Thus, if there is at least one byte remaining, the bandwidth
threshold is satisfied. Alternatively, the bandwidth threshold may
be less than a byte (e.g., 1 bit) or more than a byte (e.g., 512
bytes). If the bandwidth threshold is satisfied, the method
continues to block 640. Otherwise, the method proceeds to block
650.
[0091] At block 640, the cloud storage appliance determines whether
there is a cloud file that has a threshold number of data chunks
for which requests have been issued. If there is no such cloud
file, the method proceeds to block 650. If a cloud file meeting
this criterion is identified, the method continues to block 645,
and the identified cloud file is marked for retrieval.
[0092] At block 650, the cloud storage appliance retrieves the
requested data chunks and/or the unrequested cloud files from the
storage cloud. In one embodiment, the requested data chunks are
retrieved by performing partial file requests (e.g., HTTP partial
GET requests) on the cloud files that contain the requested data
chunks. The unrequested cloud files may be retrieved from the cloud
storage using full file requests. The requested data chunks are
retrieved in the time period. Additionally, some or all of the
unrequested cloud files are retrieved in the time period. In one
embodiment, all but one unrequested cloud files is retrieved in the
time period. The unrequested cloud file that is not retrieved in
the time period may be the cloud file that was determined at block
645. Performing partial file requests is much faster than
performing full file requests. However, the storage cloud provider
typically charges per input/output operation as well as per MB of
data retrieved. Therefore, performing partial file requests to
retrieve the requested data chunks may be associated with increased
operating costs as opposed to retrieving entire cloud files.

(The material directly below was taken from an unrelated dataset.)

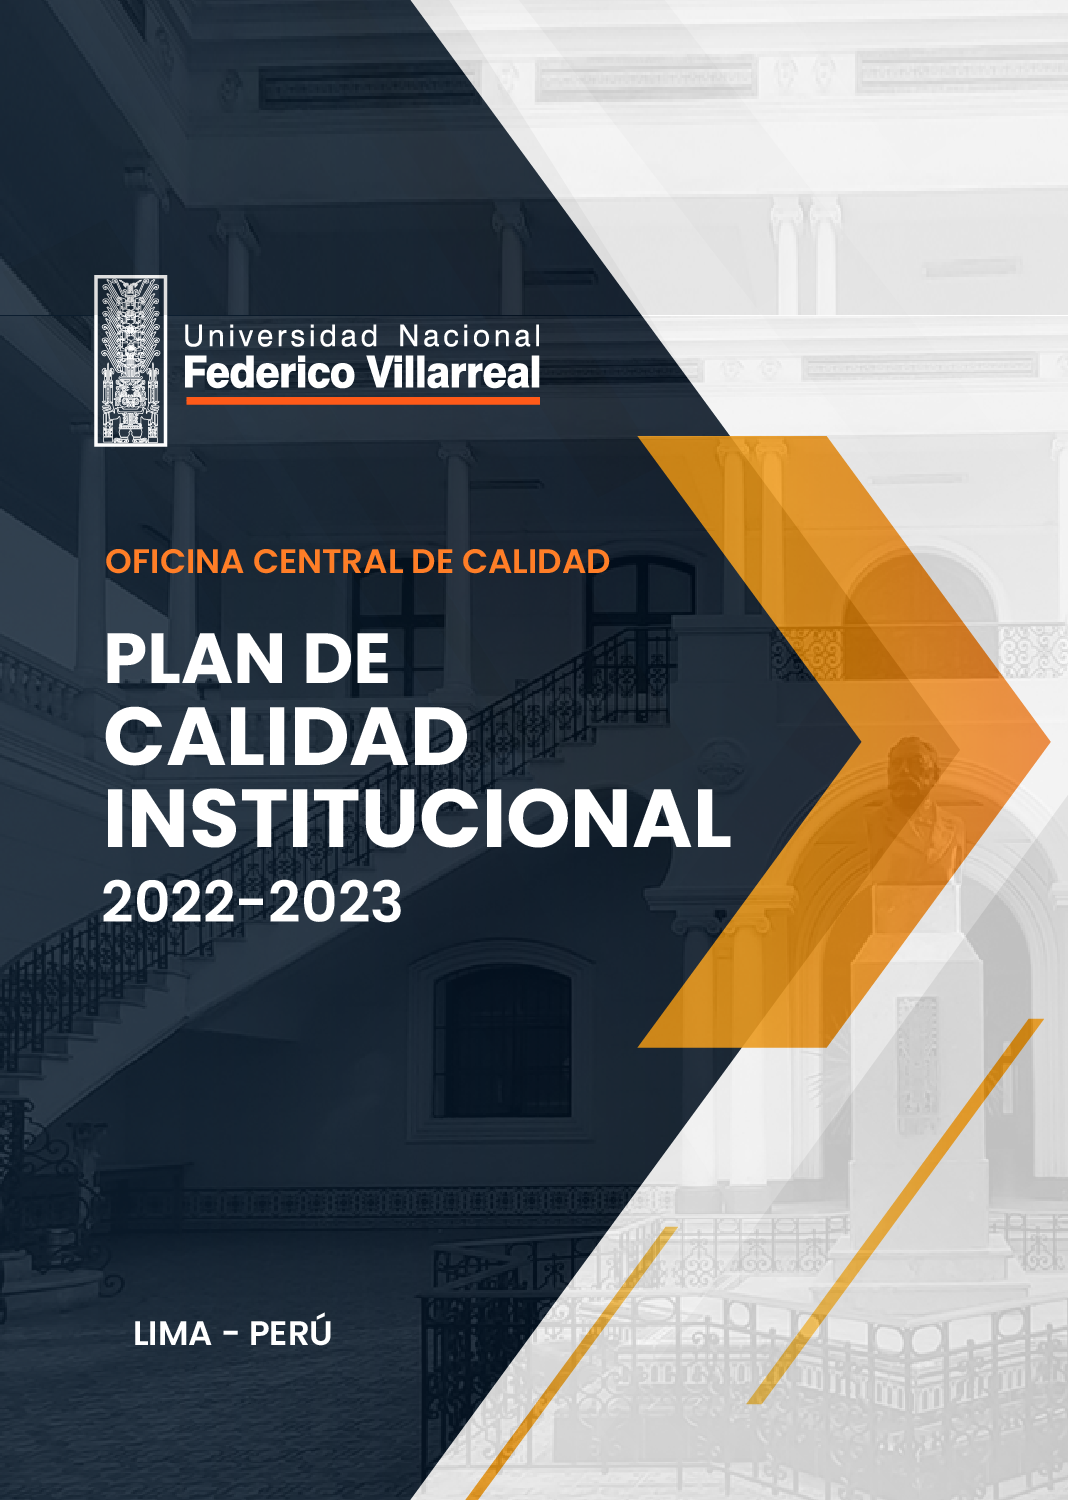 Plan de calidad institucional 2022-2023

[0093] Once the cloud files are retrieved, the cloud storage
appliance divides the cloud files into unrequested data chunks at
block 655. Each cloud file holds multiple (e.g., tens, hundreds or
thousands) of data chunks. Each included data chunk in the cloud
file is separated out. The separated out unrequested data chunks
are then stored in a cloud cache along with the requested data
chunks at block 660.
[0094] FIG. 7 is a flow diagram illustrating yet another embodiment
of a method 700 for retrieving data from a storage cloud. Method
700 may be performed by processing logic that may comprise hardware
(e.g., circuitry, dedicated logic, programmable logic, microcode,
etc.), software (e.g., instructions run on a processing device to
perform hardware simulation), or a combination thereof. In one
embodiment, method 700 is performed by a cloud storage appliance
(e.g., cloud storage appliance 110 of FIG. 1). Alternatively,
method 700 may be performed by a cloud storage agent. Method 700
may be performed, for example, by a data fetching module running on
a cloud storage appliance or cloud storage agent. For convenience,
method 700 will be discussed with reference to a cloud storage
appliance. However, it should be understood that method 700 may
also be performed by other software and/or hardware elements.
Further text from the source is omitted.